So if your Emma or Simon or Brent or Kylie hasn’t scored top-notch marks and doesn’t look likely to get into Law/Commerce at Melbourne then you might, on the basis of the published information, start thinking seriously about shifting the younger sister/brother out of the school that didn’t deliver the goods.

And if you are a kid from a school that looks a bit dire on the League Tables then you might revise your glee at having done better than expected (as many solid toilers do). You just might turn all glum because your school suddenly looks like a loser. Nothing takes the shine off modest achievement more quickly than being made to look bad by comparison.

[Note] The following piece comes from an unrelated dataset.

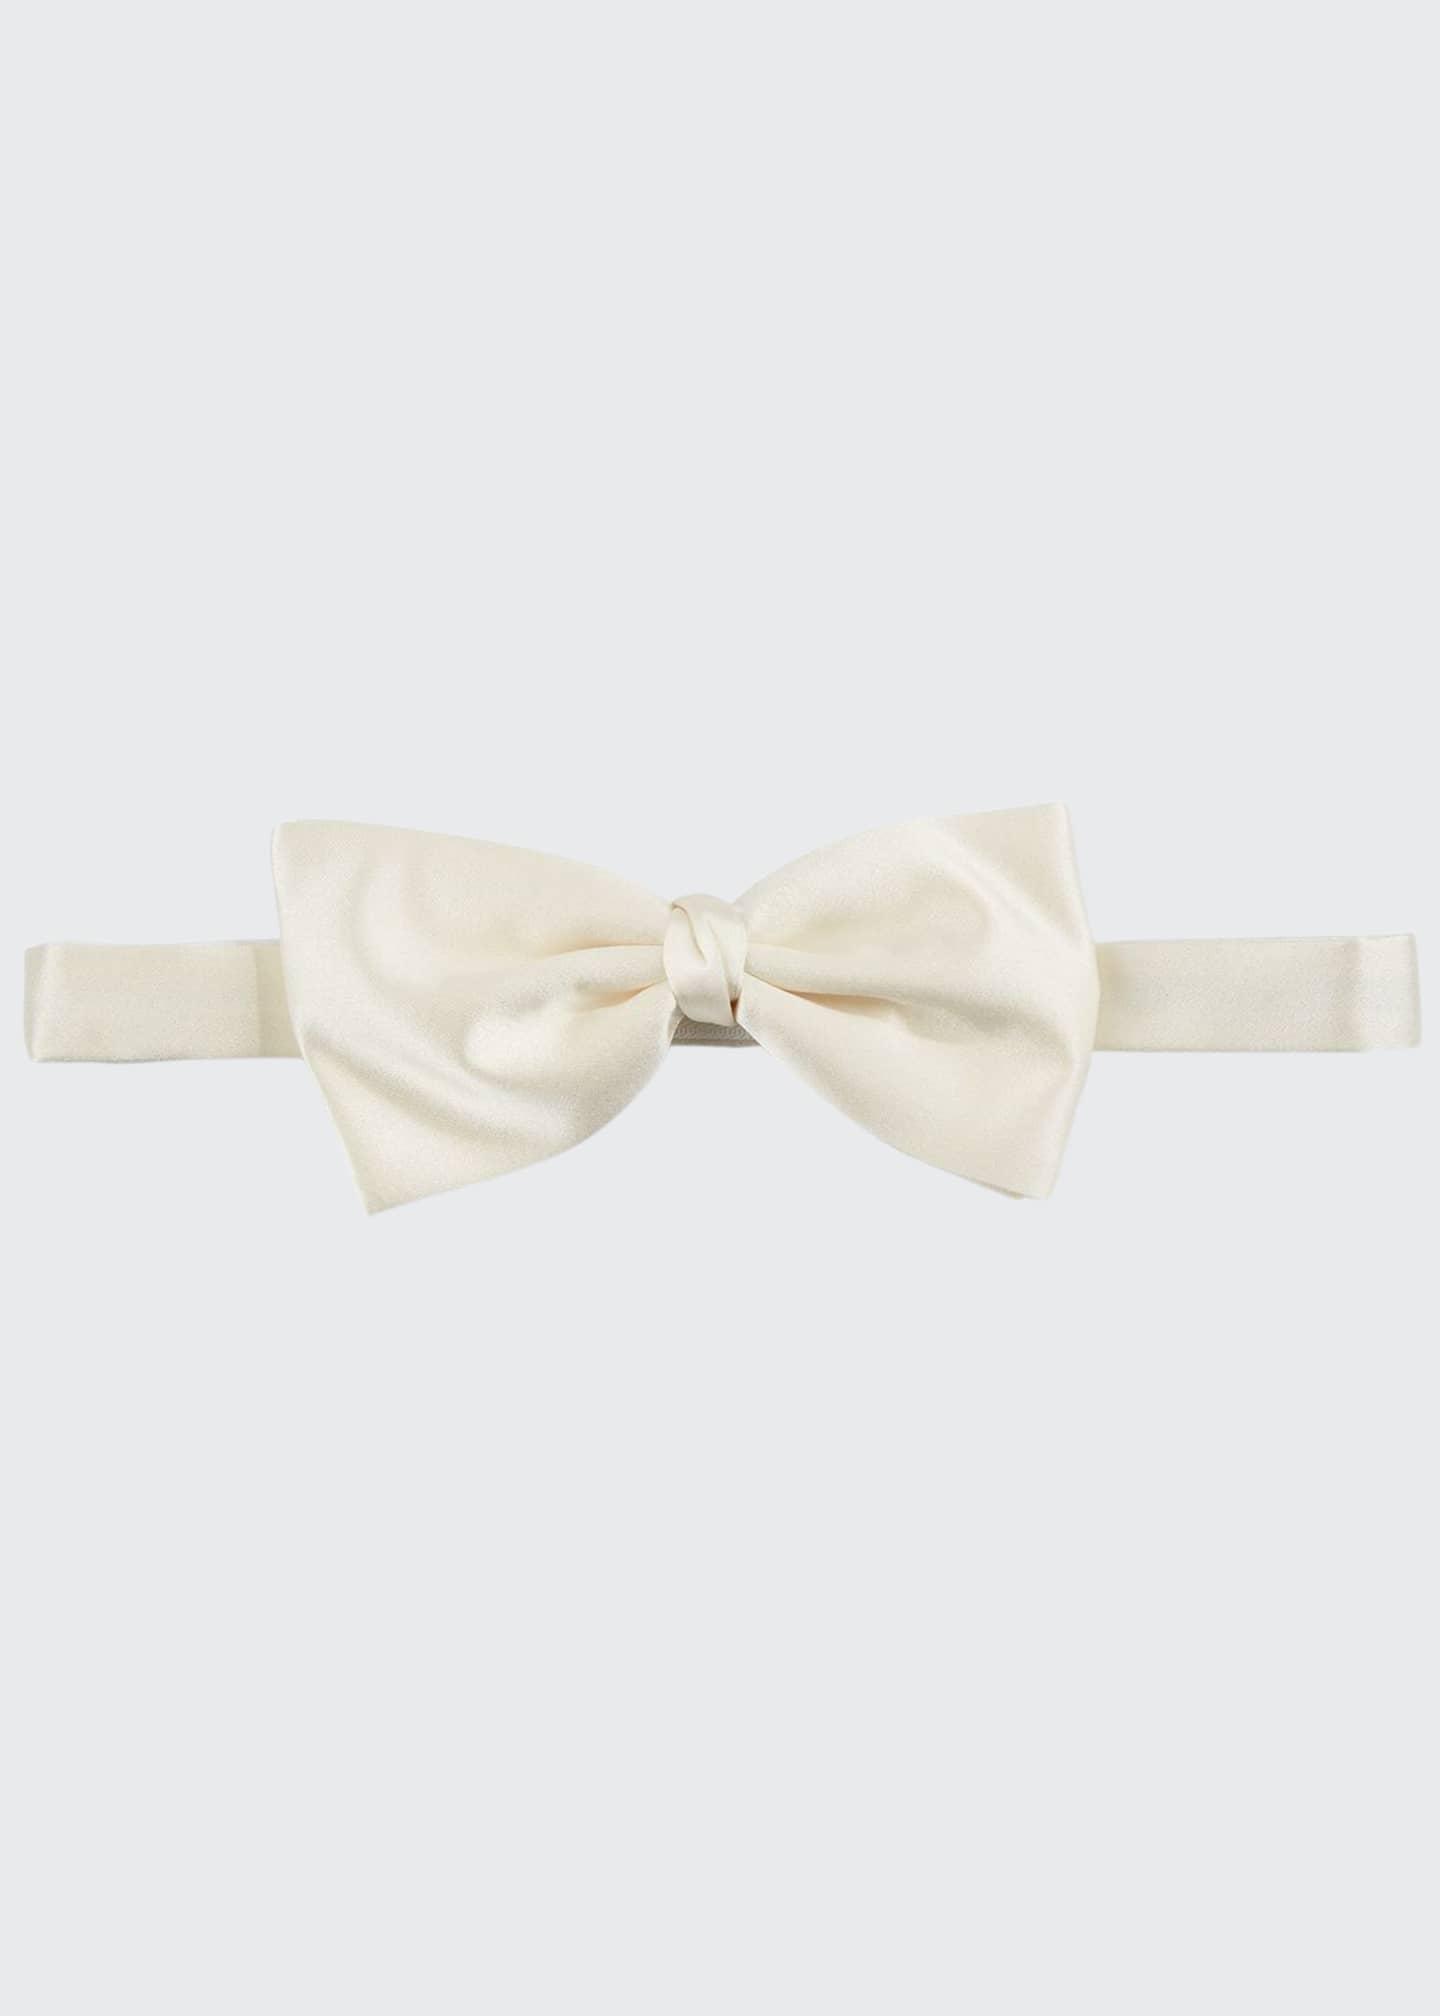 Ermenegildo Zegna Men's Satin Self-Tie Bow Tie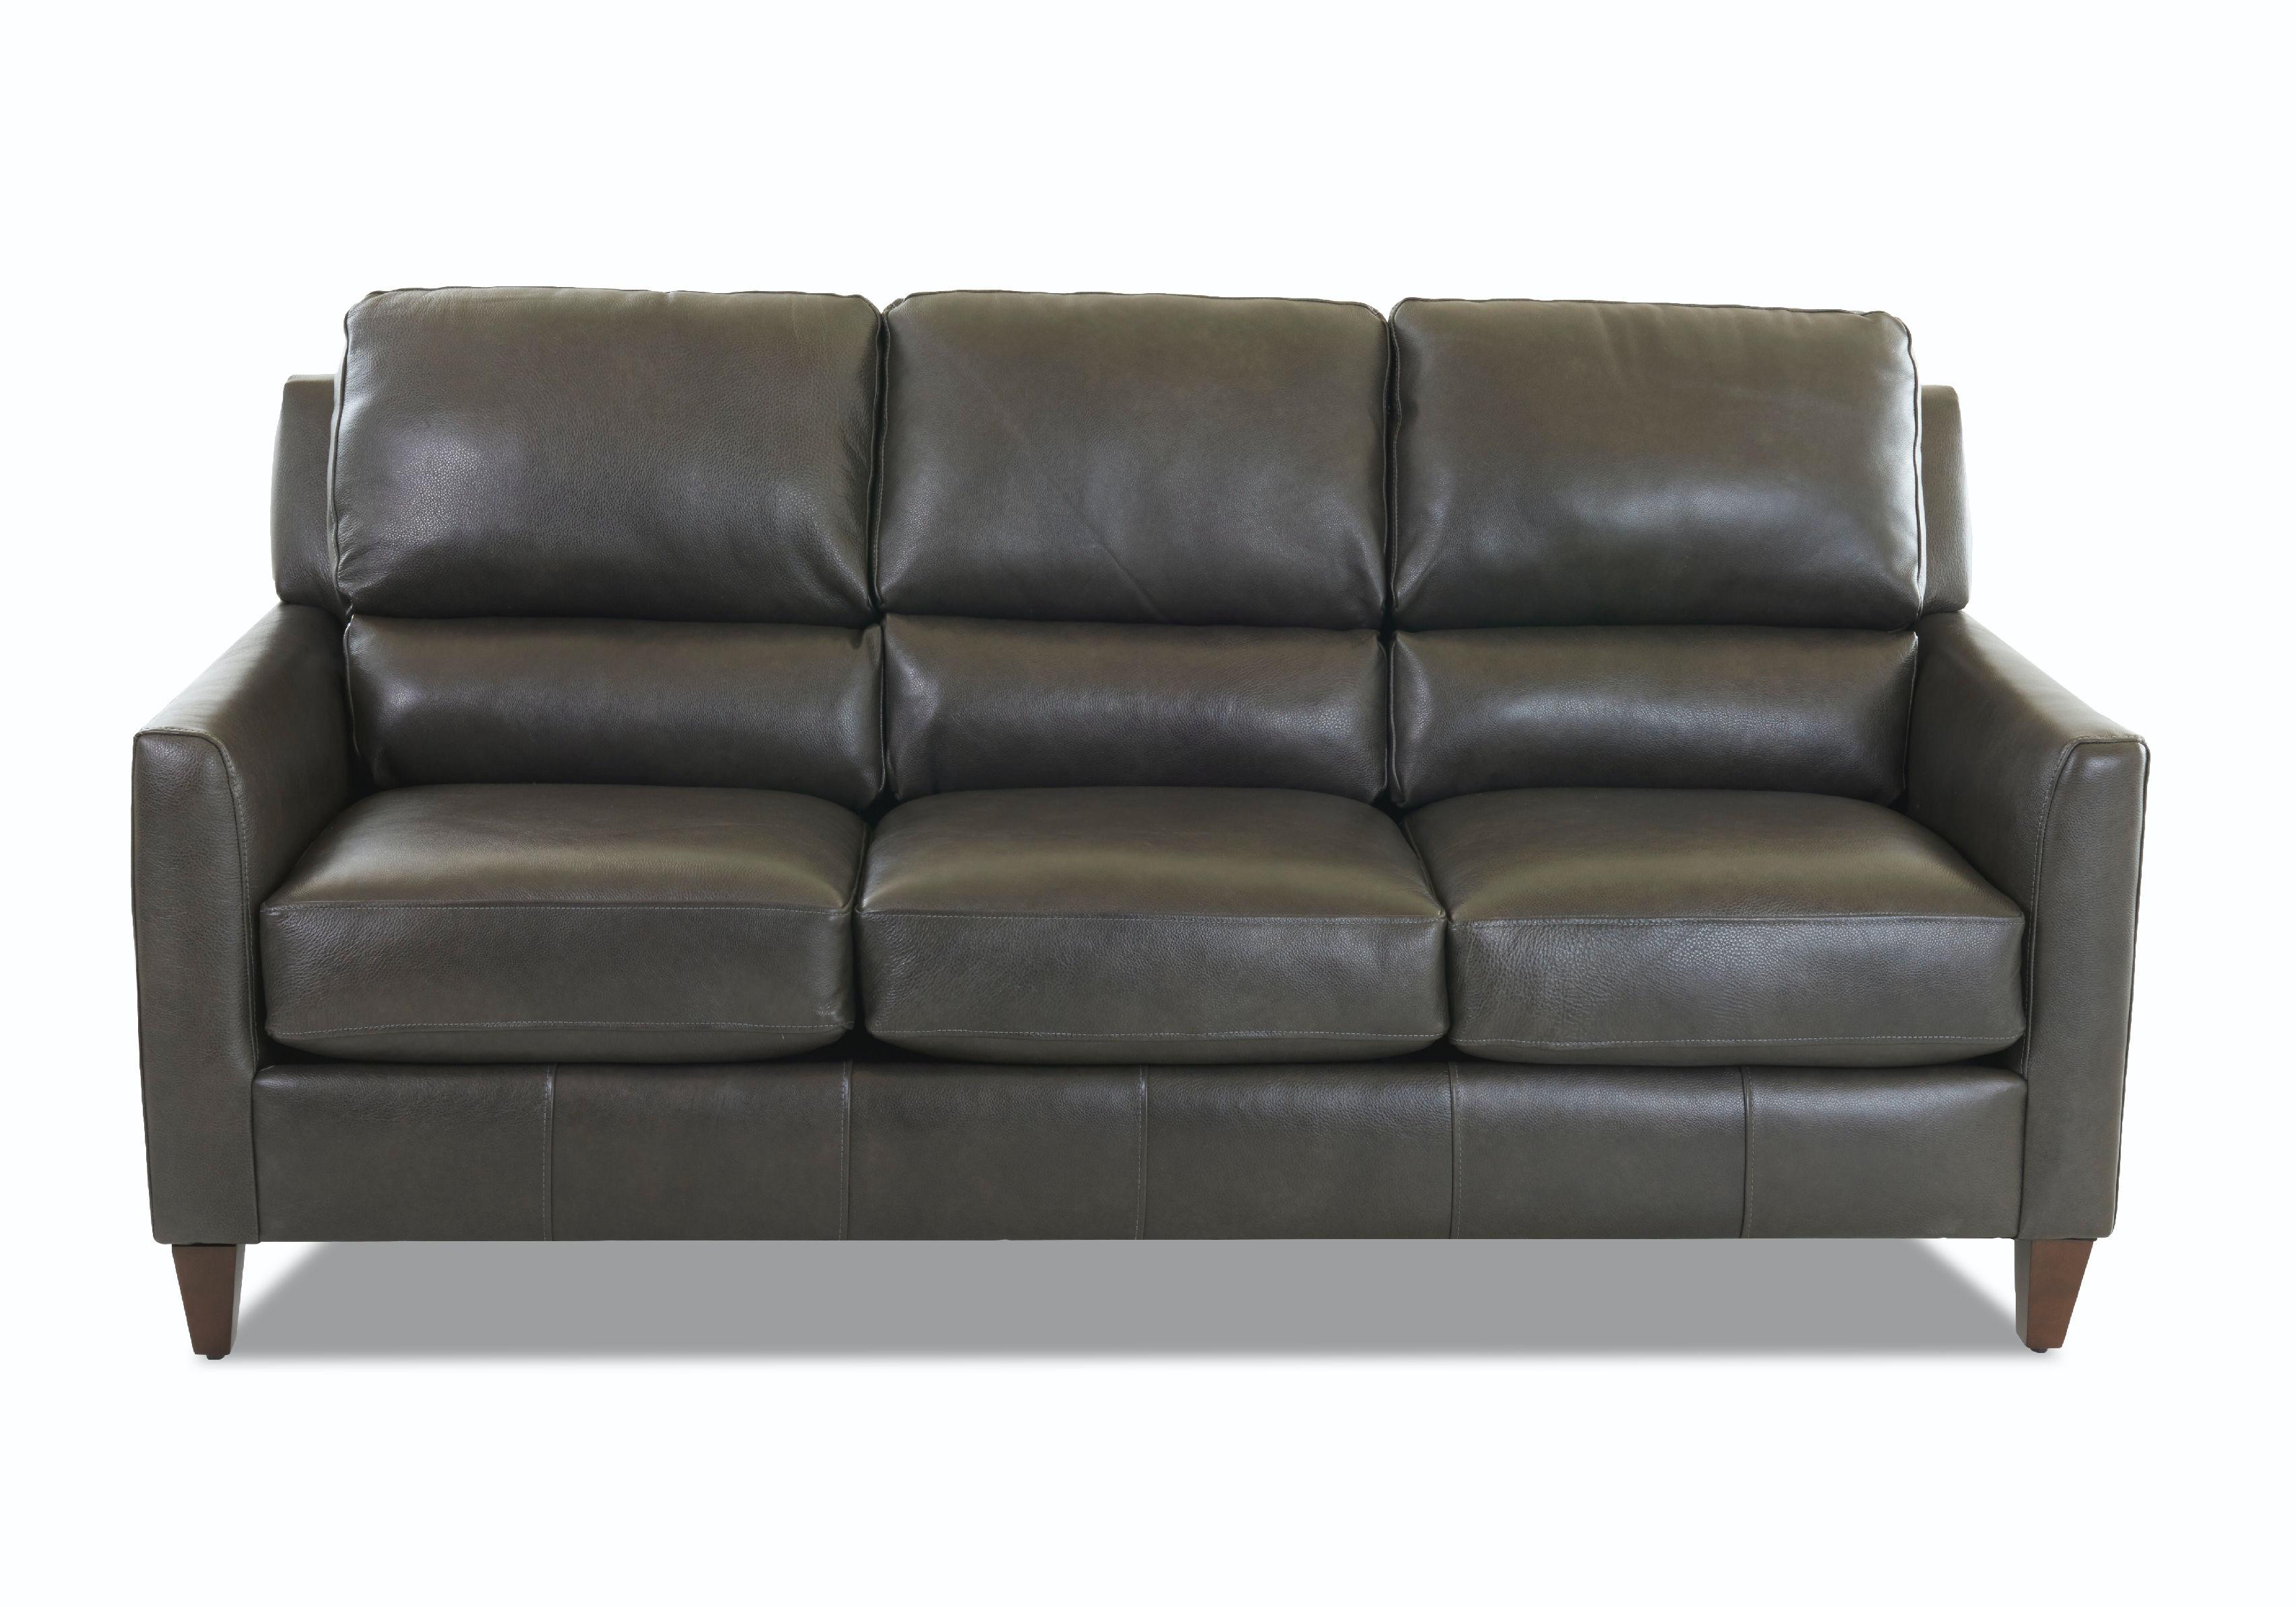 Klaussner Living Room Cortland LT95700 S   Furniture Kingdom   Gainesville,  FL

This issue of access to comparative information is clearly very contentious. One can understand that parents want to know enough to make sound decisions about their children’s education. It is also easy to understand why politicians, and education ministers in particular, should want to give the voting public what they have been encouraged to demand—access to comparative information. The education rhetoric at a federal—and to a lesser extent state—level has been intense for years now. Schools (and teachers particularly) need to be kept up to the mark. Outcomes are what we need. Everything should be scrutable, testable and deliverable in graphs. Measure. Assess. Compete. Compare. And assess again. And parents, use all this data to judge which is the optimal environment for maximal education advantage. Then choose.

No wonder we are being encouraged to believe that publishing the VCE data will make things clearer, better and more open.

But will it?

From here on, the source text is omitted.